Not Connery.  Not Moore.

After the bloated disaster of You Only Live Twice, my expectations were not very high.

I couldn’t have been more wrong.

This is perhaps the best Bond movie up to this point in the series.  I know it is blasphemy to say so.  I love Connery.  I adore Moore.  The achievement in question is perhaps best attributed to the director (new to the series in this capacity):  Peter Hunt.

Telly Savalas is masterful as the cat-petting Blofeld.  He adds a depth to the character which was missing in the previous depiction by Donald Pleasence.  It is interesting to note the similarities of Blofeld’s allergy institute (a cover for brainwashing) to the CIA’s dirty program Project MKUltra which was headed by Dr. Sidney Gottlieb.  The ghastly “research” was administrated from 1953 onwards by Dr. Gottlieb.  Blofeld’s methods in this film bear a striking resemblance to those of MKUltra’s head experimenter Dr. Ewen Cameron.  The world can thank CIA agent William Francis Buckley (“Bill”, but not the one of which you’re probably thinking) for blowing the whistle on this dark, dark period in CIA misadventure.  Buckley observed the deplorable results in Montreal at McGill University.

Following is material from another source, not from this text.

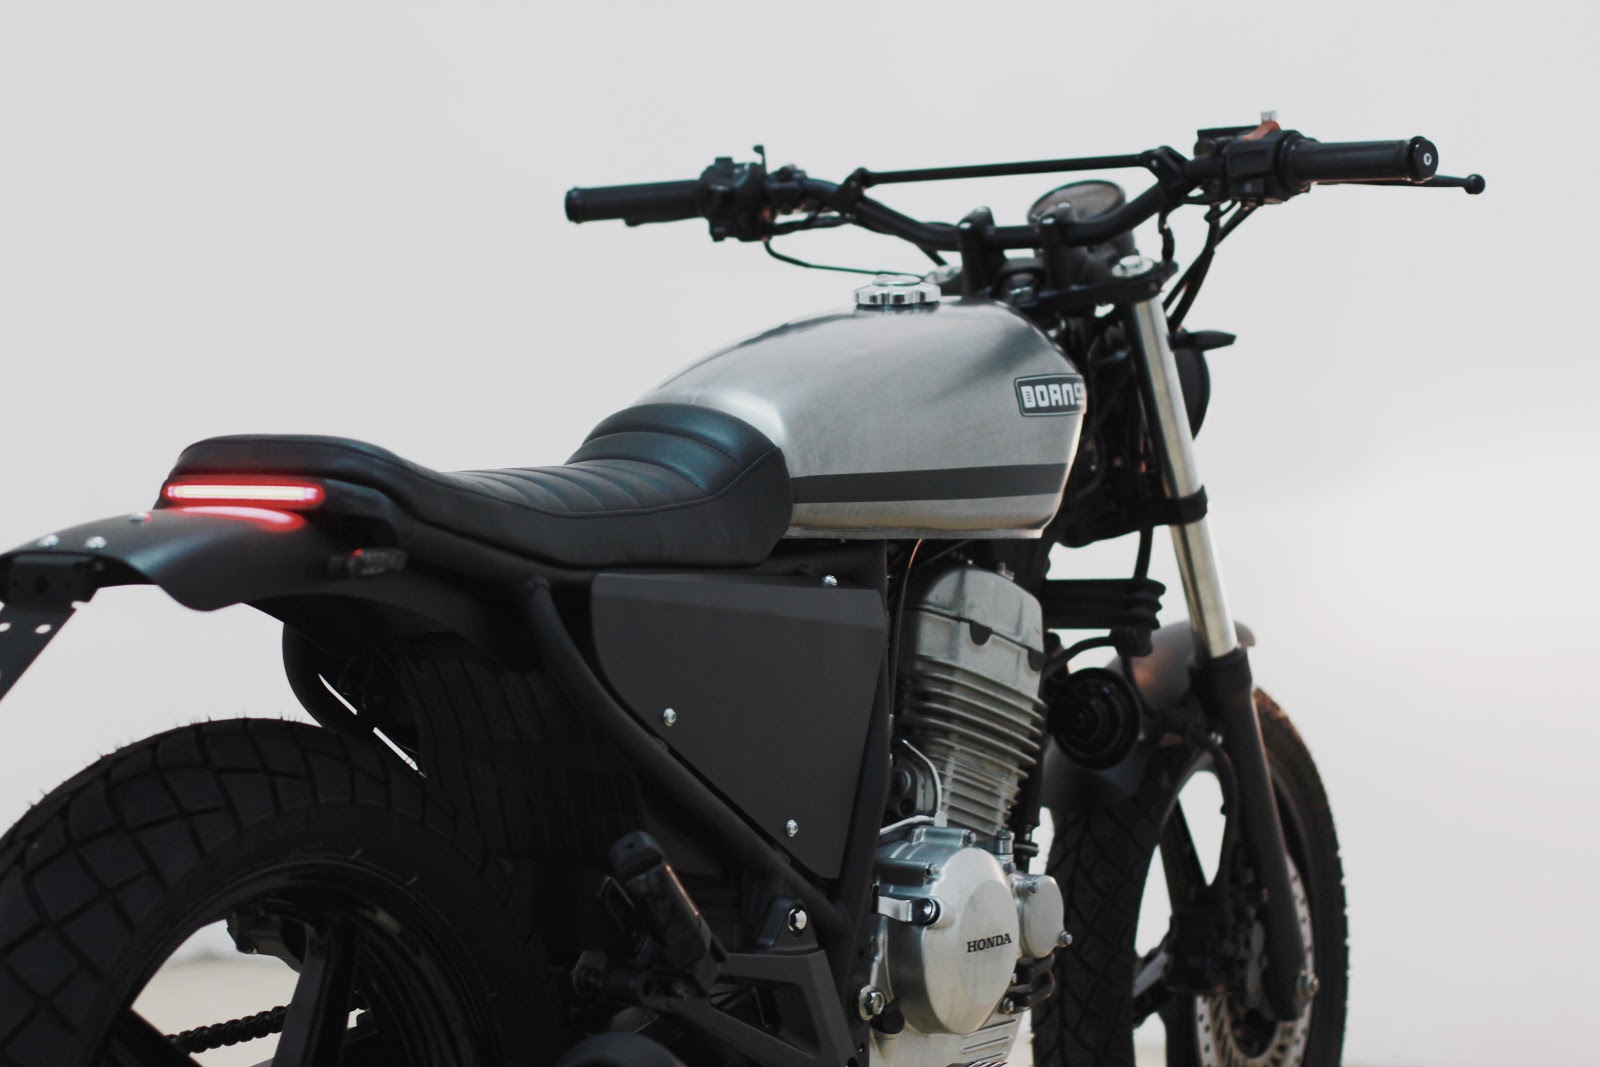 BORN Motor: 3D printed motorcycle parts for time and cost savings

But back to fun stuff 🙂  High-speed chases!  The Bond series from Eon Productions redeems itself with a great ski chase down Piz Gloria (atop which is Blofeld’s “clinic”).  While not as epic as the underwater battle in Thunderball, it is much more entertaining that the autogyro sequence in You Only Live Twice.

I really must compliment Lazenby.  His was no easy task.  It was the right decision for him to not speak in an affected Scottish accent after Connery.  Lazenby could have been a great long-term Bond.  Thankfully he contributed this one fine performance to the annals.

Peter Hunt is to be equally (if not more so) congratulated.  This was a unique ending for a Bond movie.  It was handled deftly and had just the right amount of suspense to keep the incredulous at bay.  I’m speaking of course about 007 getting married.  You’ll have to see it for yourself to find out just how Eon Productions managed to finagle a continuance of the series after this “blow” to the womanizing lead character.  Of course, in today’s world marriage wouldn’t be a hindrance at all in a similar dramatic case.

This film is really an odd duck, but it should stand as an example for the series.  It is a bit humorous to hear John Barry give the famous 007 guitar line to a harpsichord in the opening credits.  The effect is similar to “Lucy In The Sky With Diamonds.”  Louis Armstrong even sings a song especially recorded for this film!  He was near the end of his life and it is as touching as Billie Holiday’s album Lady In Satin.  Armstrong never recorded another song (dying two years later from a heart attack).